Our analysis of a population of northern Chinese indicates that the optimal cut-off values for MetS are WCs of 86 cm in men and 78 cm in women and a BMI of 24 kg/m2 in both sexes. BMI was strongly associated with hypertension, while WC was strongly associated with T2DM and dyslipidemia.

Key words: obesity, chronic disease, cut-off value

INTRODUCTION

The prevalence of obesity has increased throughout the world, including Asia.1,2 It is a crucial risk factor in many chronic diseases such as hypertension,3 dyslipidemia,4 and type 2 diabetes mellitus (T2DM).5 As compared with people in other regions, Asians tend to develop diabetes at lower levels of obesity and younger ages and to develop complications of diabetes earlier.1 The obesity epidemic is thus an enormous threat to health care systems in Asia.

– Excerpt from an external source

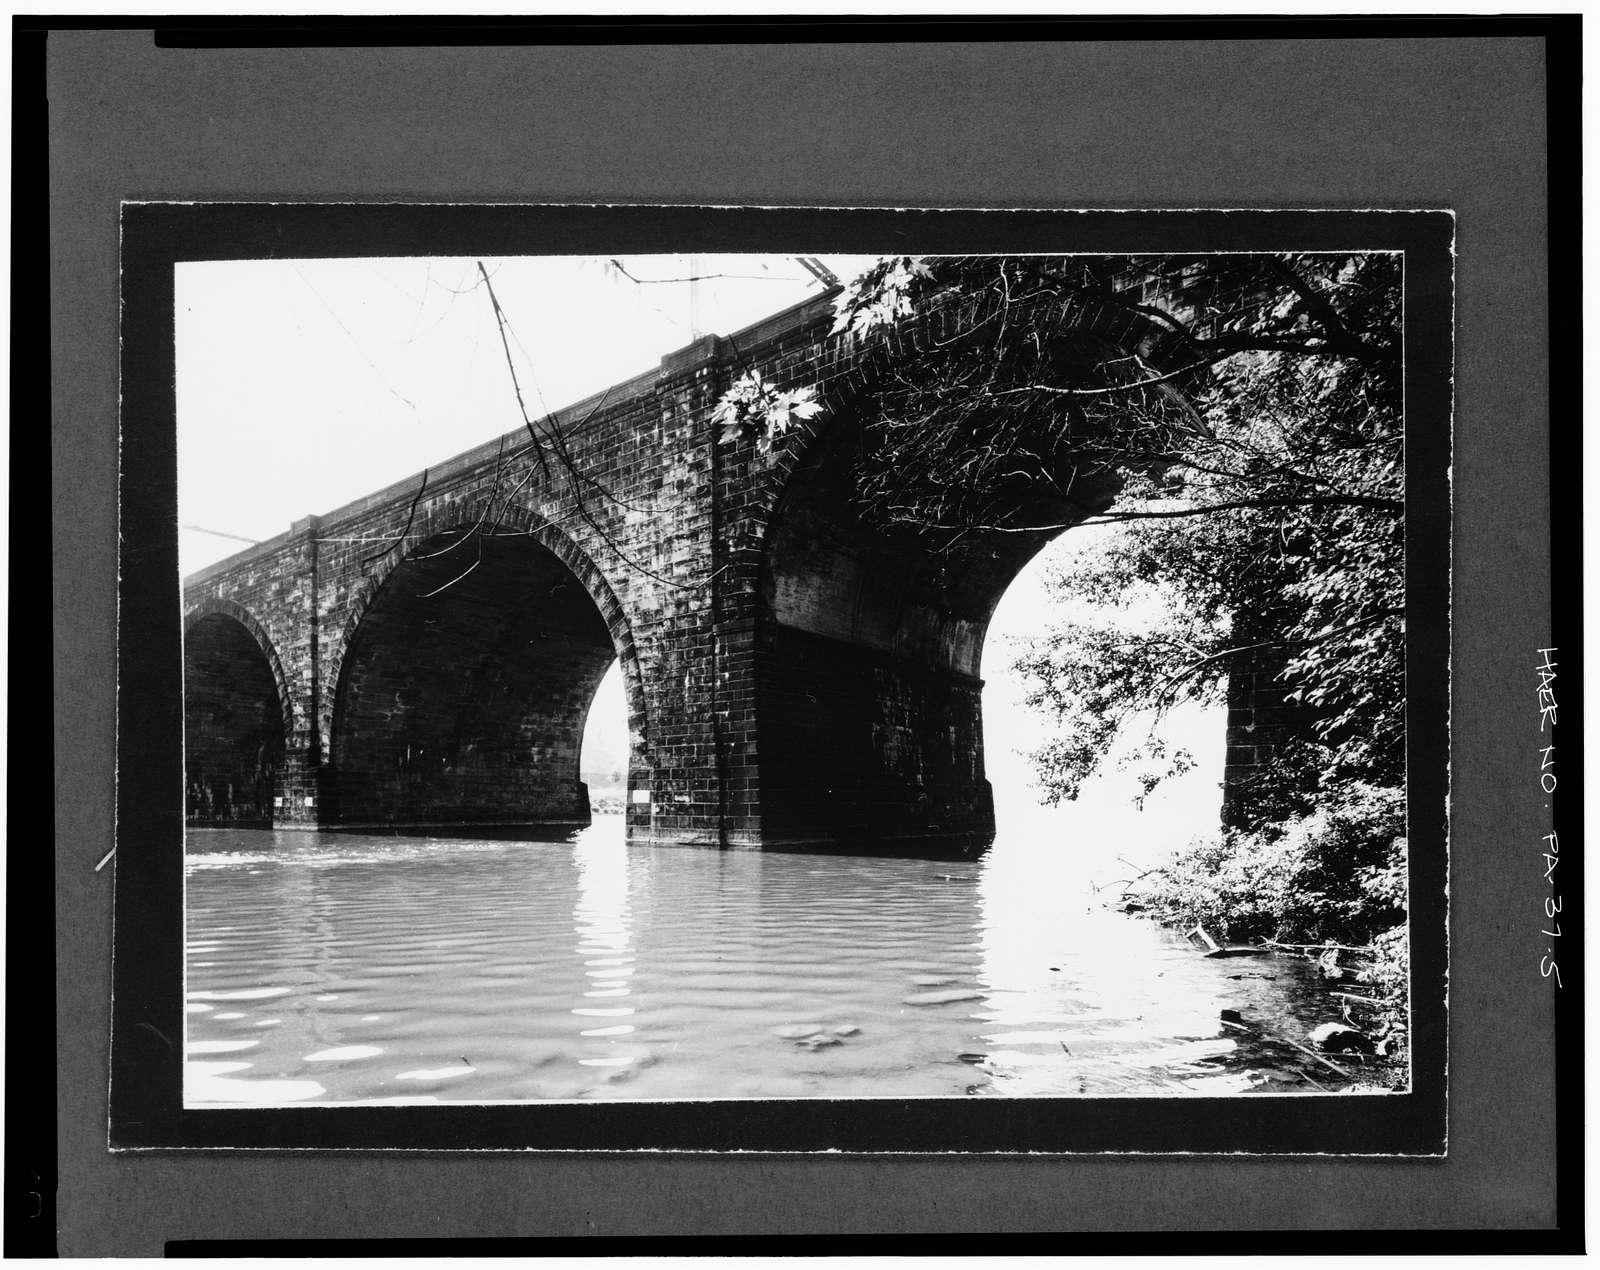 Connecting Railway, Schuylkill River Bridge, Spanning Schuylkill River, north of Girard Avenue Bridge, Philadelphia, Philadelphia County, PA

Body mass index (BMI), waist circumference (WC), waist-to-height ratio (WHtR), and waist-to-hip ratio (WHpR) have been used as markers of these chronic diseases in adults. However, there is controversy as to which obesity index is more closely related to hypertension, T2DM, and dyslipidemia. In addition, experts disagree on cut-off values for obesity indices. Recent studies of Japanese and Koreans proposed WC cut-off values that were optimal for identifying at least 2 components of metabolic syndrome (MetS) in those populations.610 Furthermore, evidence from some studies indicates that BMI is better than WC as an index of metabolic risk.1113 However, results from a study of Japanese women suggested that BMI was a better index of overall and abdominal fat in that population.14 The International Diabetes Federation (IDF) has strongly recommended that more-extensive investigations be performed to determine optimal cut-off values for clinical practice in different ethnic regions.15

The InterASIA study indicated that 64 million Chinese adults aged 35 to 74 years had MetS as defined by Adult Treatment Panel III (ATP III) criteria and that the prevalences of MetS and overweight were higher in northern China than in southern China.16 The regional prevalences of hypertension and diabetes were also reported to be higher in northern China.17,18 Differences in diet and physical activity between northern and southern China might contribute to these regional differences in the distribution of chronic disease.16 More importantly, the population in northern China was reported to be taller, heavier, and to have higher BMI and triglyceride levels as compared with the southern population,19 which suggests that anthropometric cut-off values for these populations require clarification.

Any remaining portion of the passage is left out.